The measures adopted to combat coronavirus spread have dramatically increased women’s family, social and economic burdens, as Gaza Strip has always suffered from catastrophic deterioration due to the 14-year long Israeli closure that led to unprecedented rates of poverty and unemployment.  The state of emergency and the outbreak of coronavirus in Gaza, the economic, living and humanitarian crises aggravated. Yet, the impact of these measures on women was significant by virtue of being the most fragile party in society and the most affected group in the community in times of disasters and crises.

Moreover, many reports and statistics published by women’s rights organizations indicated a significant increase in GBV rates.  The restrictions on movement have forced women and girls to stay in one place with those practicing violence against them and have made it more difficult for women to seek help.

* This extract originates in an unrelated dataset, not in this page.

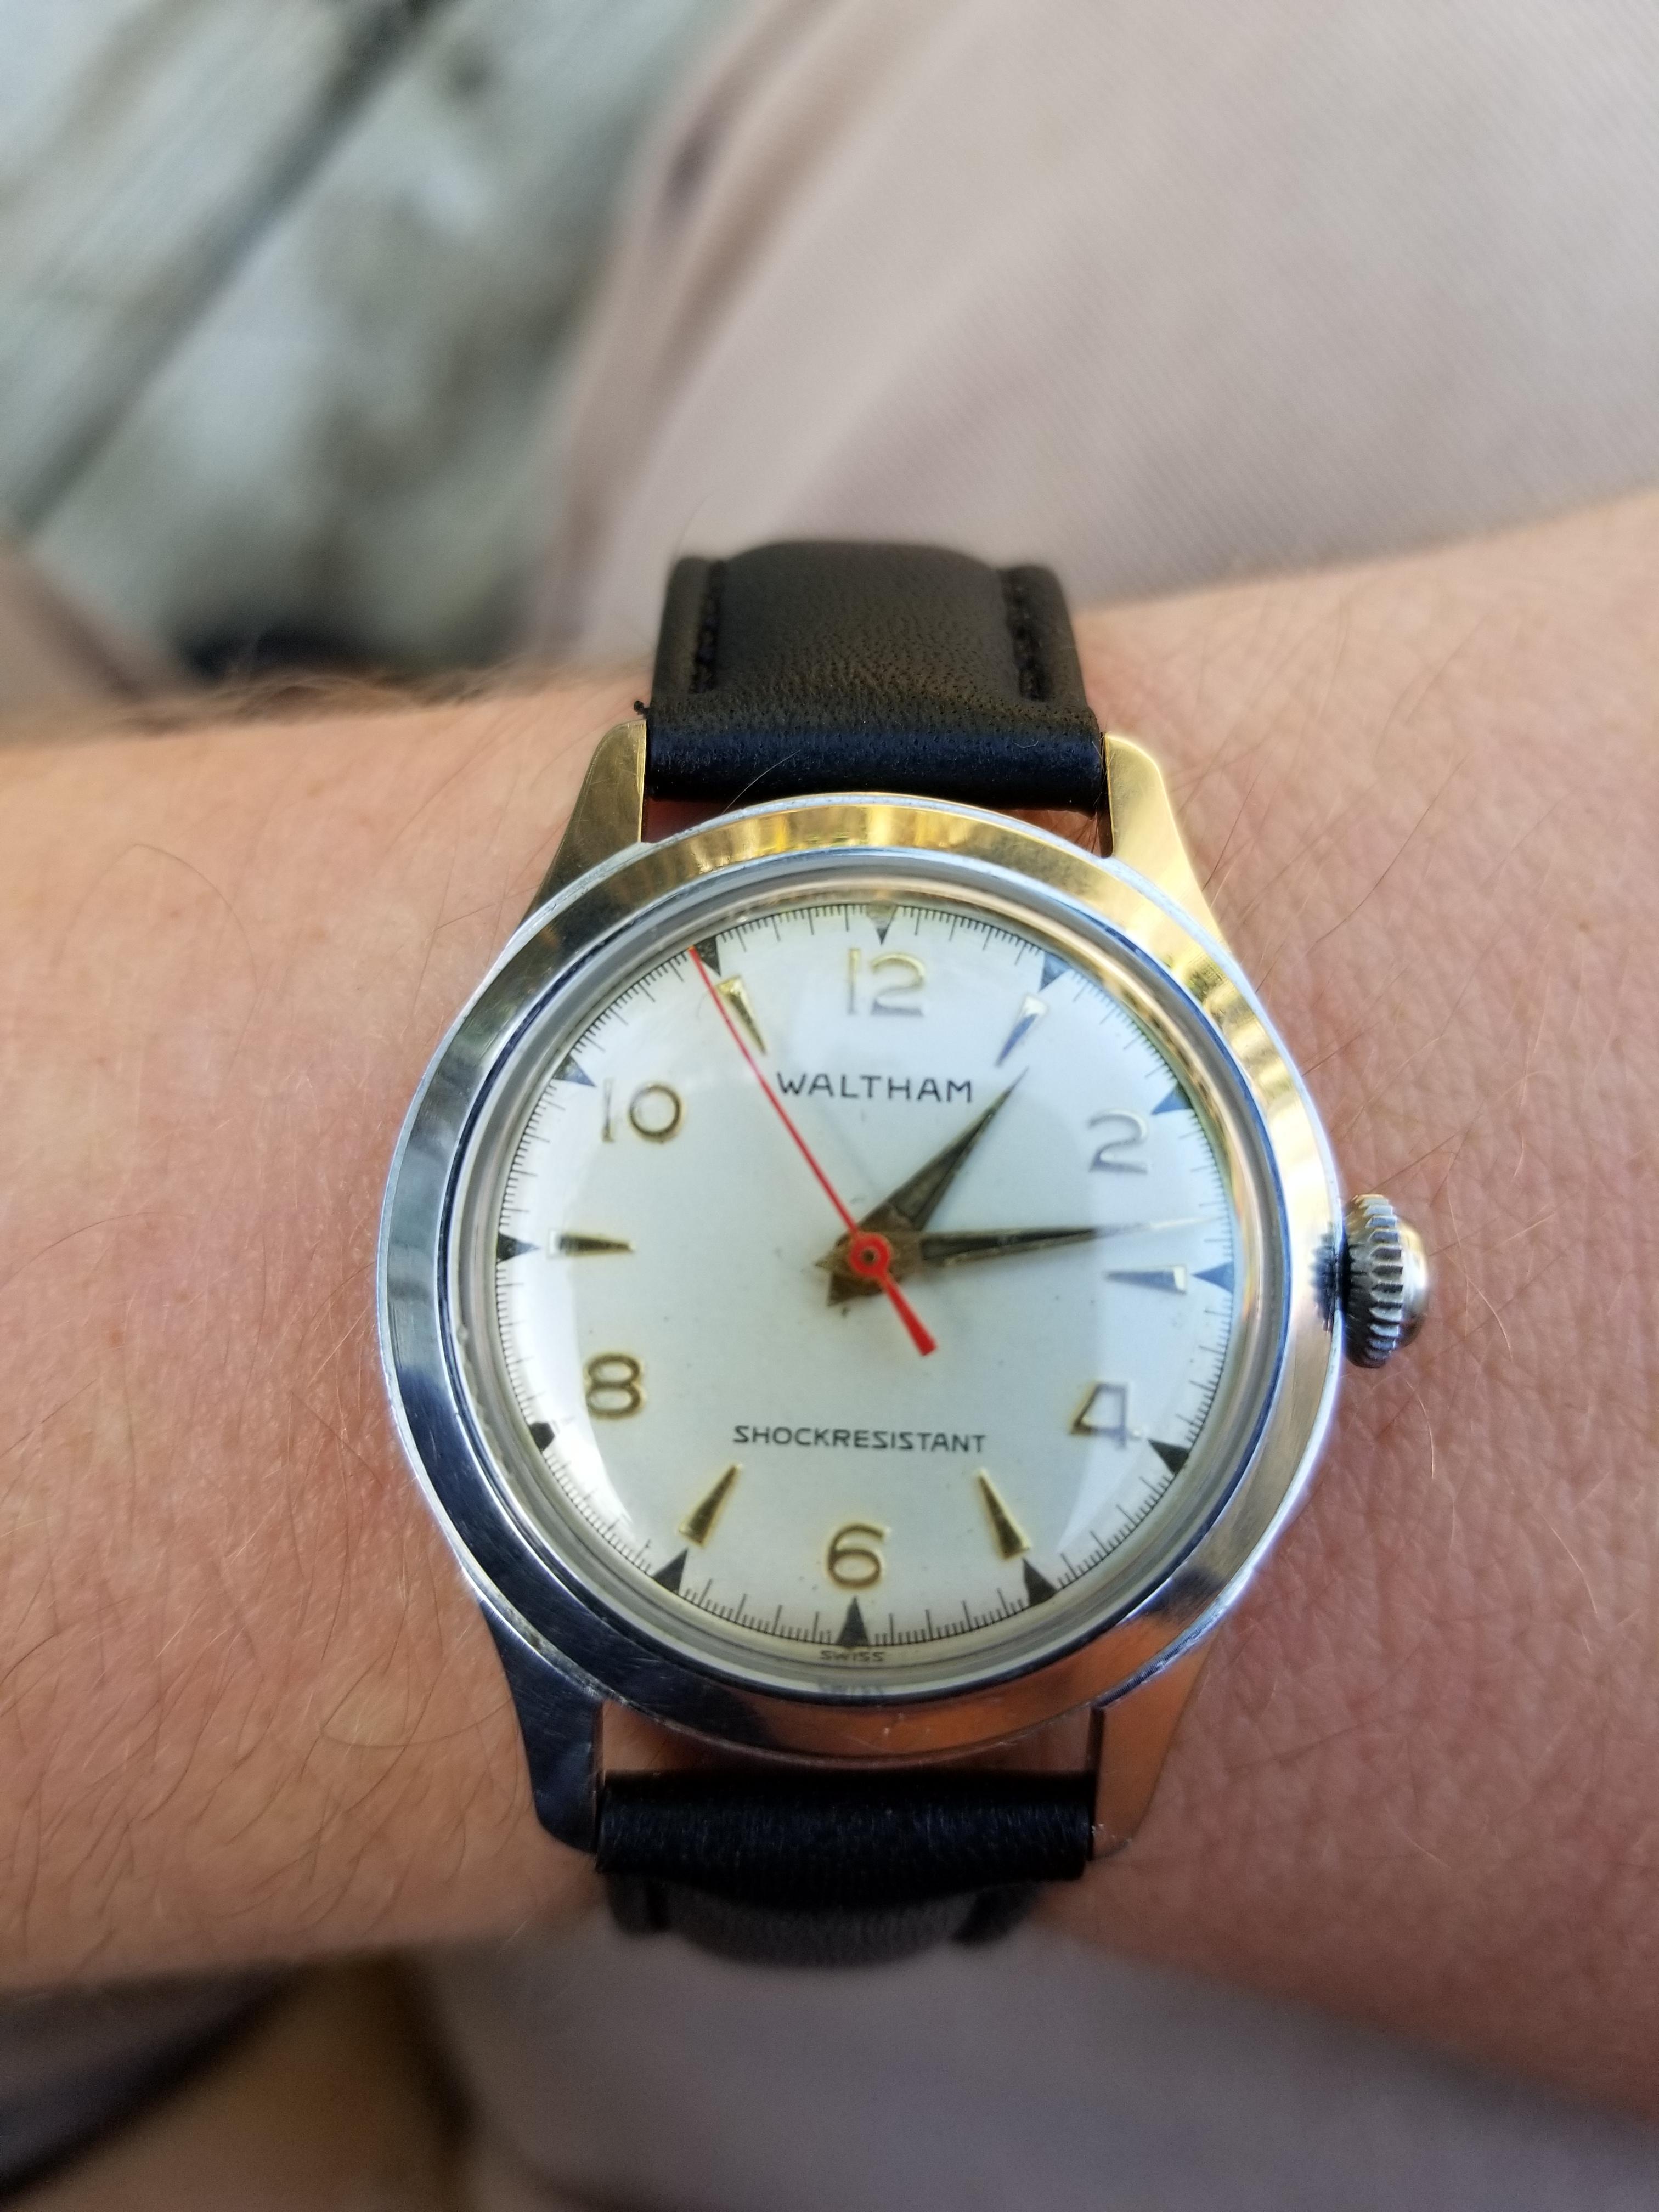 Wrist watch serial number lookup

According to PCHR’s investigations, on 10 September 2020, al-Aman Shelter re-opened after a case required its services. Since then, the total number of shelter residents increased to 15 women and 3 children, including several who were exposed to domestic, psychological, and sexual abuse.

In the meantime, al-Aman shelter is facing several challenges and obstacles that hinders their work and sustainability of their services to women victims of violence; as no medical examinations are available for incoming women and the shelter’s staff have difficulty travelling through the Gaz Strip governorates due to the impose segregation to curb coronavirus spread, which exacerbates the difficulties to operate the shelter in the current crisis.

On the other hand, the Coronavirus pandemic has obstructed women’s access to justice. The Sharia courts have resumed working in the Gaza Strip on 06 September 2020, for marriage contracts only, which affected the women’s ability to file lawsuits, fulfil judicial rulings, and to have rulings executed by the authorities. This, of course, has reflected negatively on concerned women’s living and psychological conditions, especially the suspension of child visitation and hosting rights, and alimony cases, which are considered of the most pressing needs for this group of women.

Through PCHR’s Women’s Rights lawyers’ work and follow-up on women’s issues and providing legal consultation through the phone for them, it was observed that many women complain about the closure of the Sharia courts and suspension of the judicial police’s work, especially that these women are in dire need to find solutions to their cases, especially the issues of alimony, seeing children and custody.

PCHR renews its support for women in the Gaza Strip, and confirms that they are suffering in cruel and exceptional circumstances that increased due to the coronavirus crisis. Due to its fear of continuing violence against women and girls, PCHR calls upon:

  • The governmental and non-governmental authorities to provide the necessary support and assistance to facilitate the work of shelters in the Gaza Strip and to ensure the safety of residents and staff.
  • The legal judiciary to realize the need for its operation under an emergency plan to ensure support and assistance to women and children in light of the possibility of this crisis continuing. This should include reactivating the judicial police’s role in implementing rulings issued by Sharia courts.